• _Aim of the task_:
Retype the listing exactly; omit pictures.

• _Supplied information_:
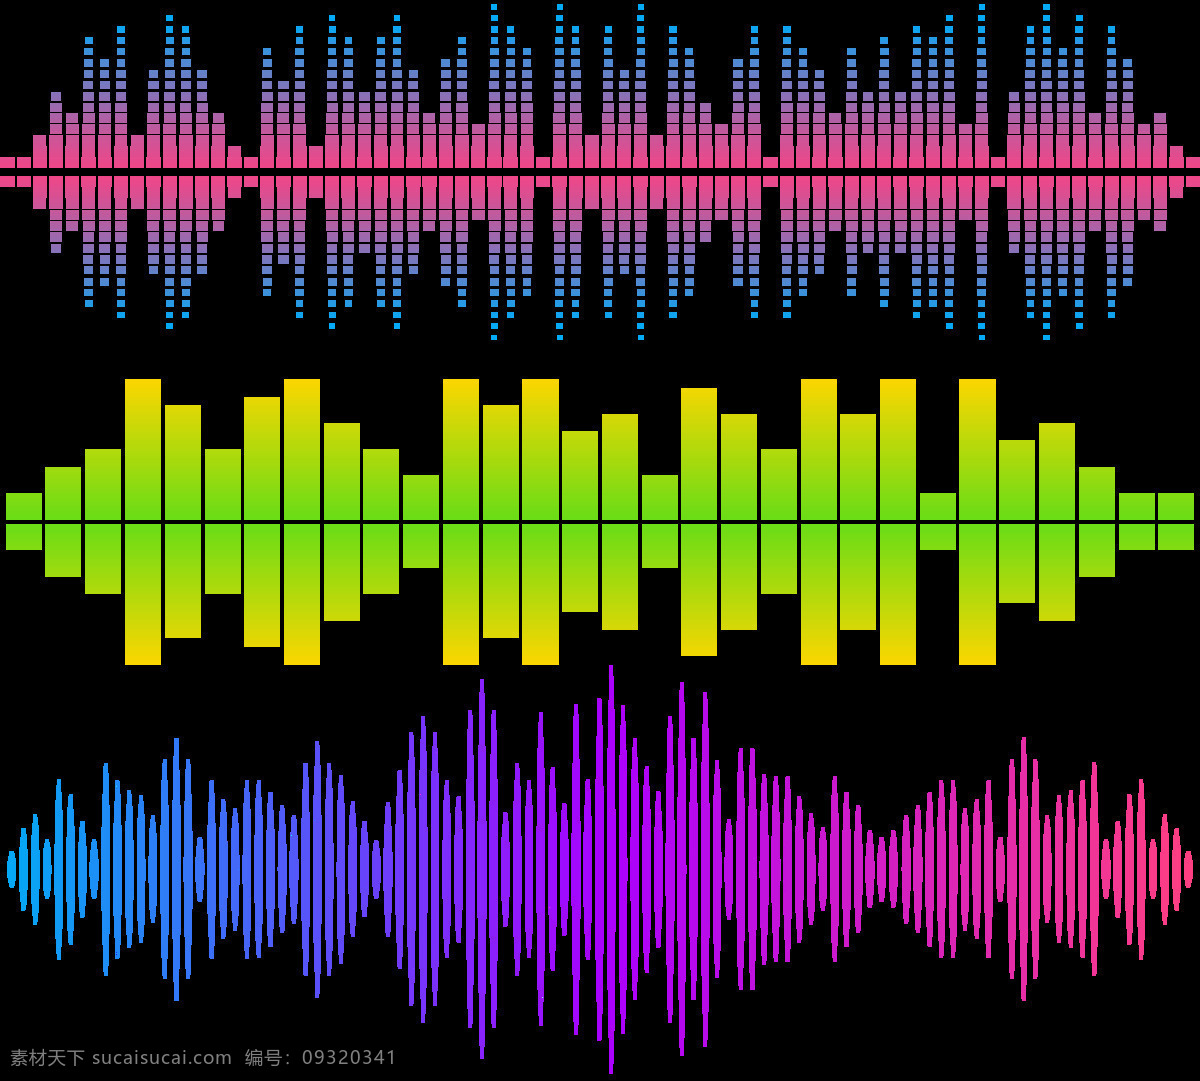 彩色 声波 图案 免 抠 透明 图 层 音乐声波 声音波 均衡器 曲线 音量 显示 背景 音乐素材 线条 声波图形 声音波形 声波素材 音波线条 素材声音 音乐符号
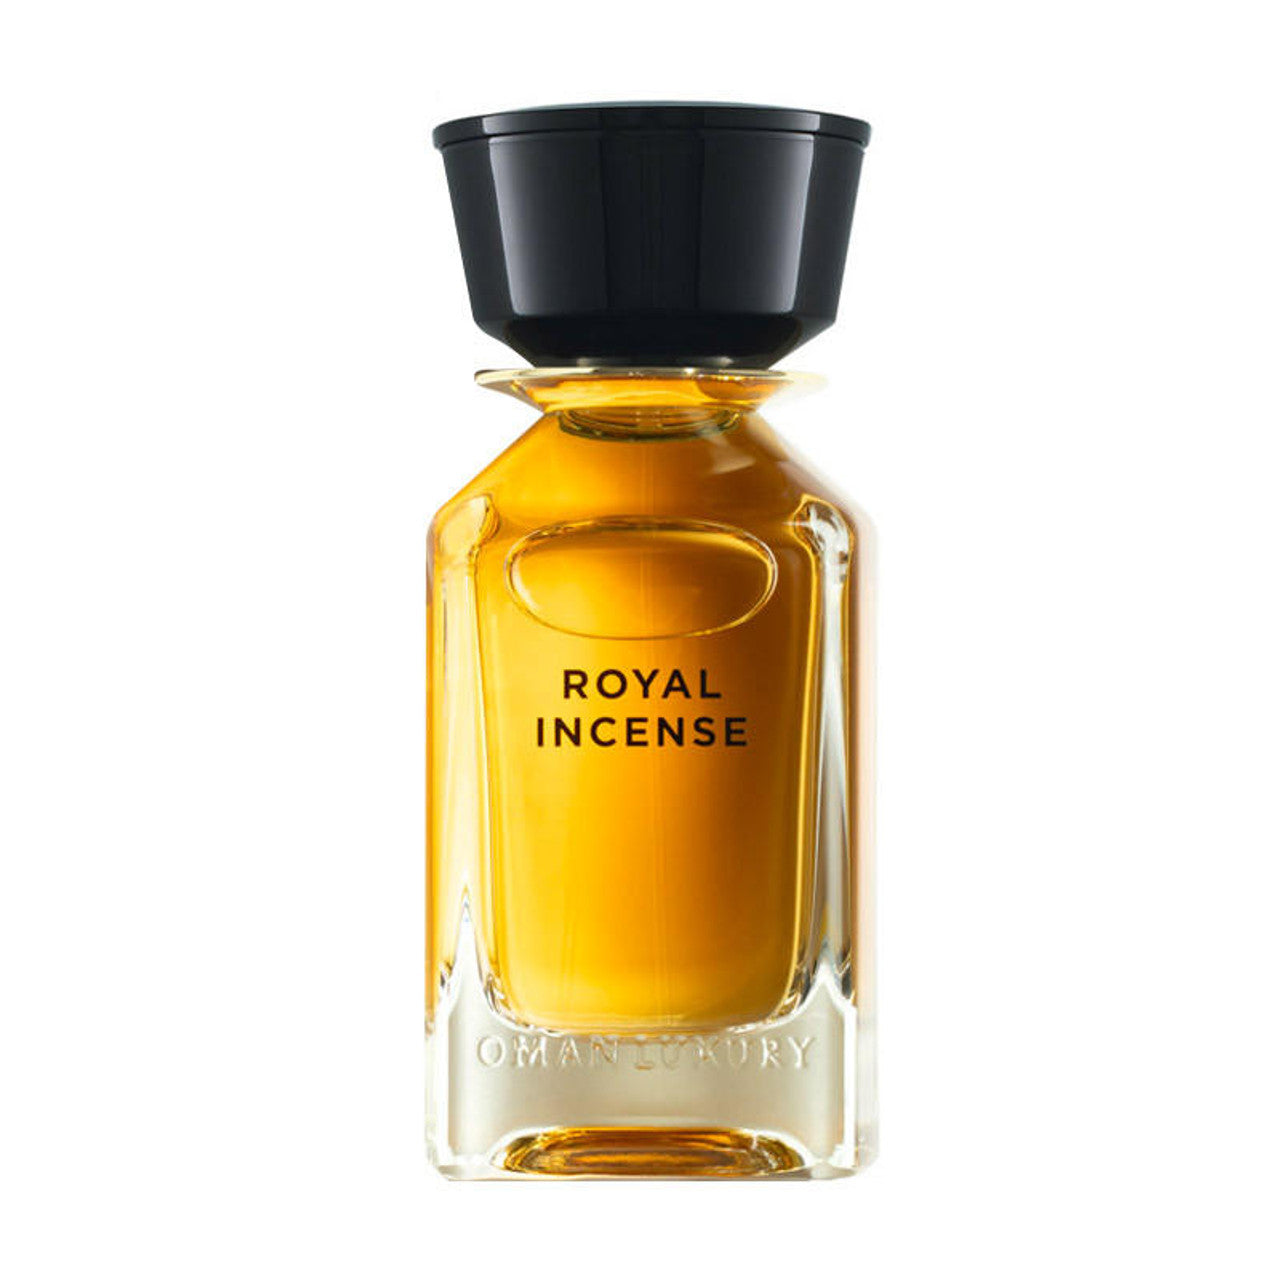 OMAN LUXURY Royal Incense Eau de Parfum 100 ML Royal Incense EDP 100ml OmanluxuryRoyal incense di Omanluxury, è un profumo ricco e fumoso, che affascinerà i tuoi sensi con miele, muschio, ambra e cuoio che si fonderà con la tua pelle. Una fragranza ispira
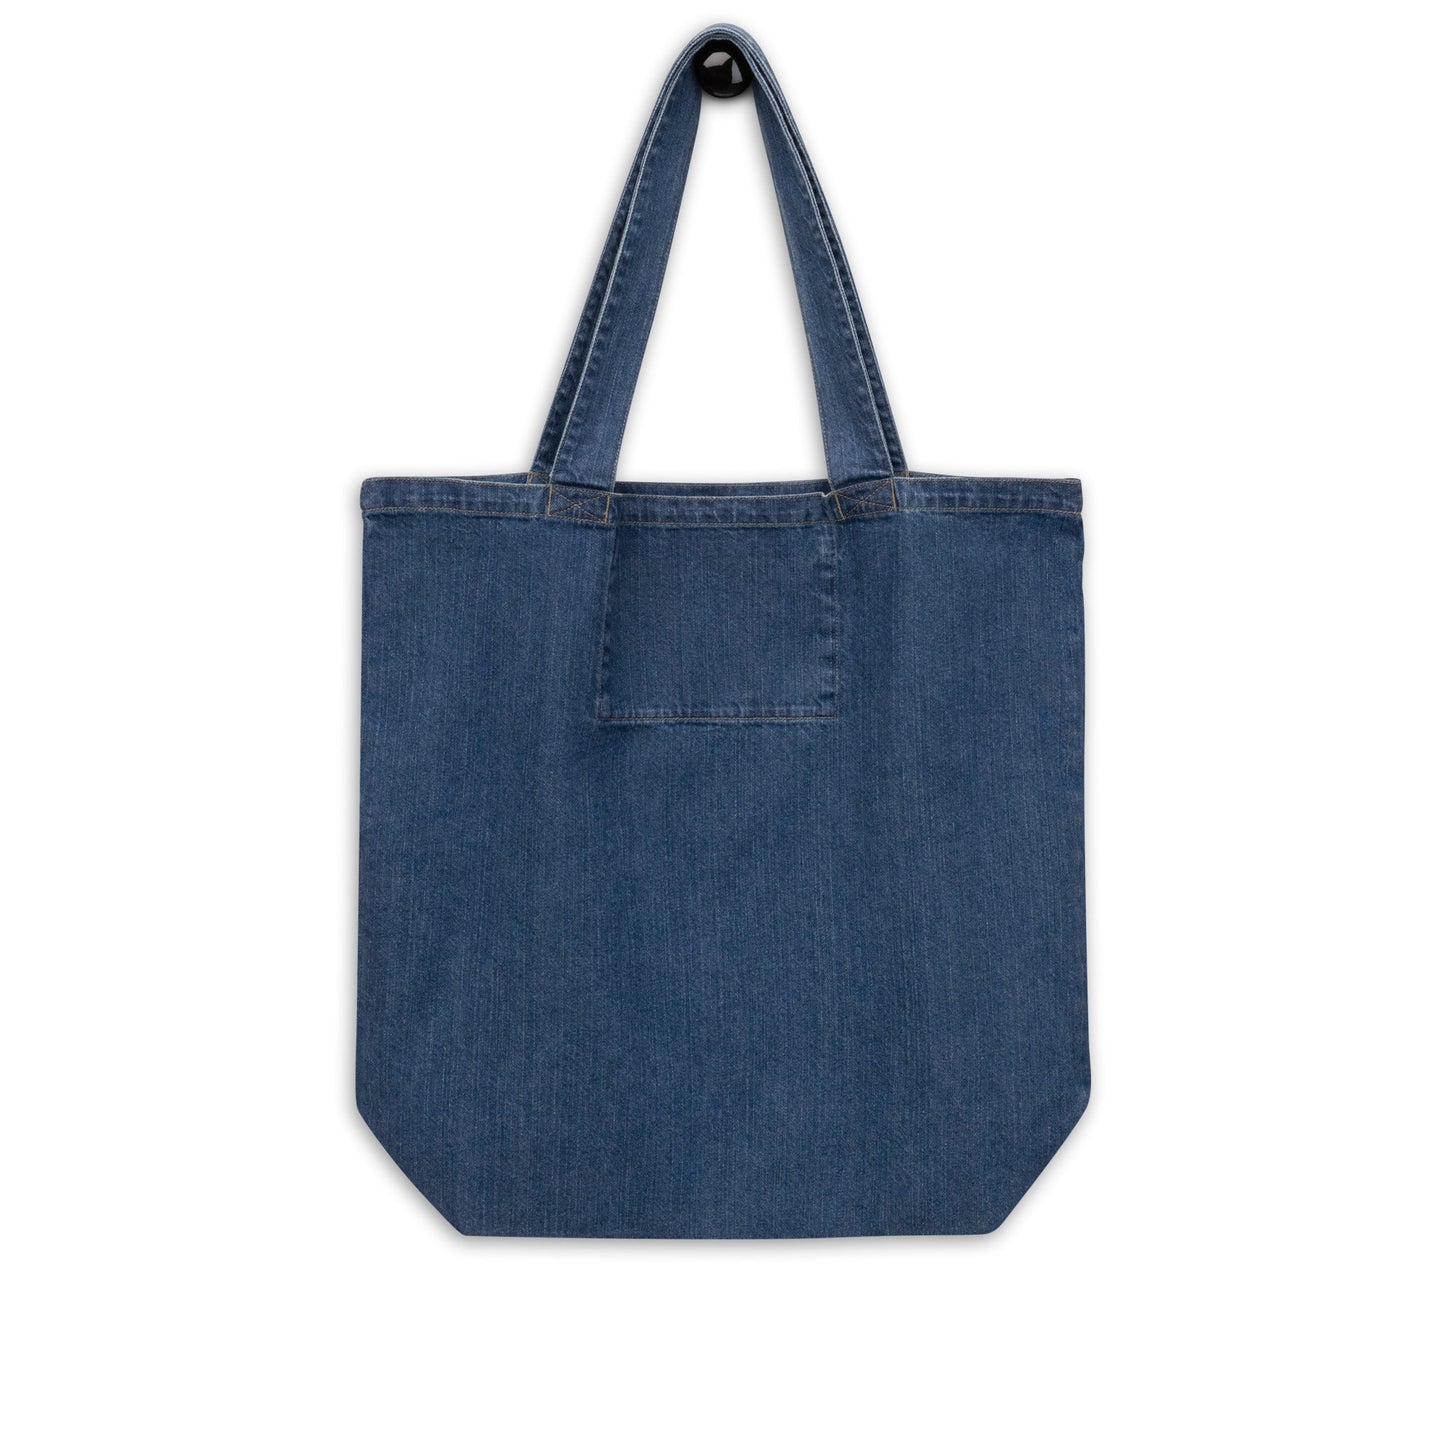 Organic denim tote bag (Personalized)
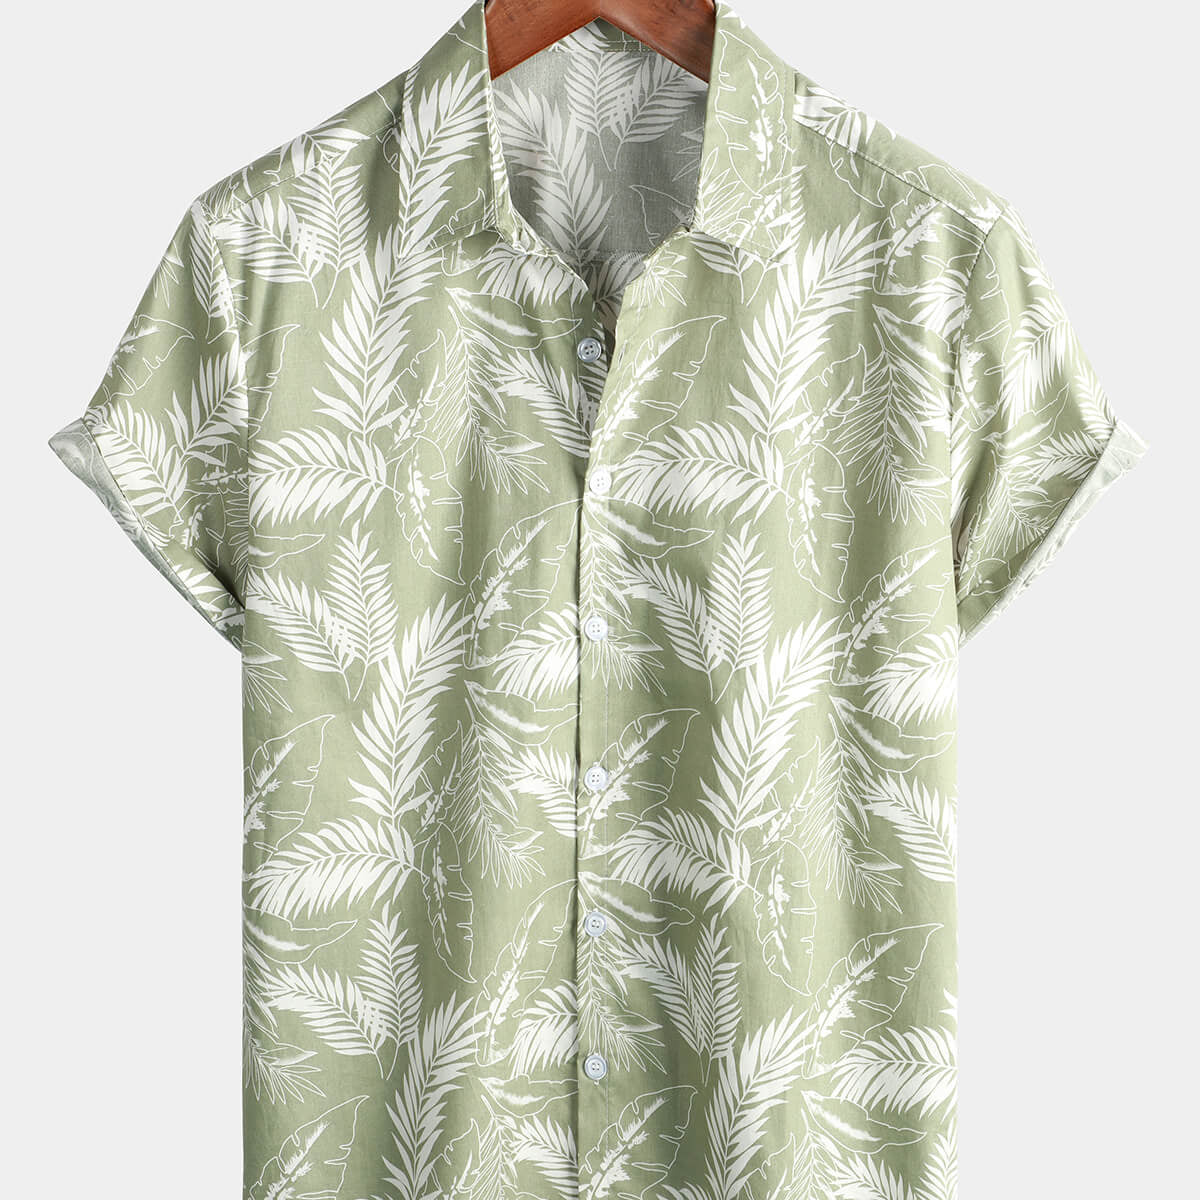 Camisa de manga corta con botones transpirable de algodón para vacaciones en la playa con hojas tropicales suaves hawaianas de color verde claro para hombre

• _Result for this task_:
 彩色 声波 图案 免 抠 透明 图 层 音乐声波 声音波 均衡器 曲线 音量 显示 背景 音乐素材 线条 声波图形 声音波形 声波素材 音波线条 素材声音 音乐符号
 OMAN LUXURY Royal Incense Eau de Parfum 100 ML Royal Incense EDP 100ml OmanluxuryRoyal incense di Omanluxury, è un profumo ricco e fumoso, che affascinerà i tuoi sensi con miele, muschio, ambra e cuoio che si fonderà con la tua pelle. Una fragranza ispira
 Organic denim tote bag (Personalized)
 Camisa de manga corta con botones transpirable de algodón para vacaciones en la playa con hojas tropicales suaves hawaianas de color verde claro para hombre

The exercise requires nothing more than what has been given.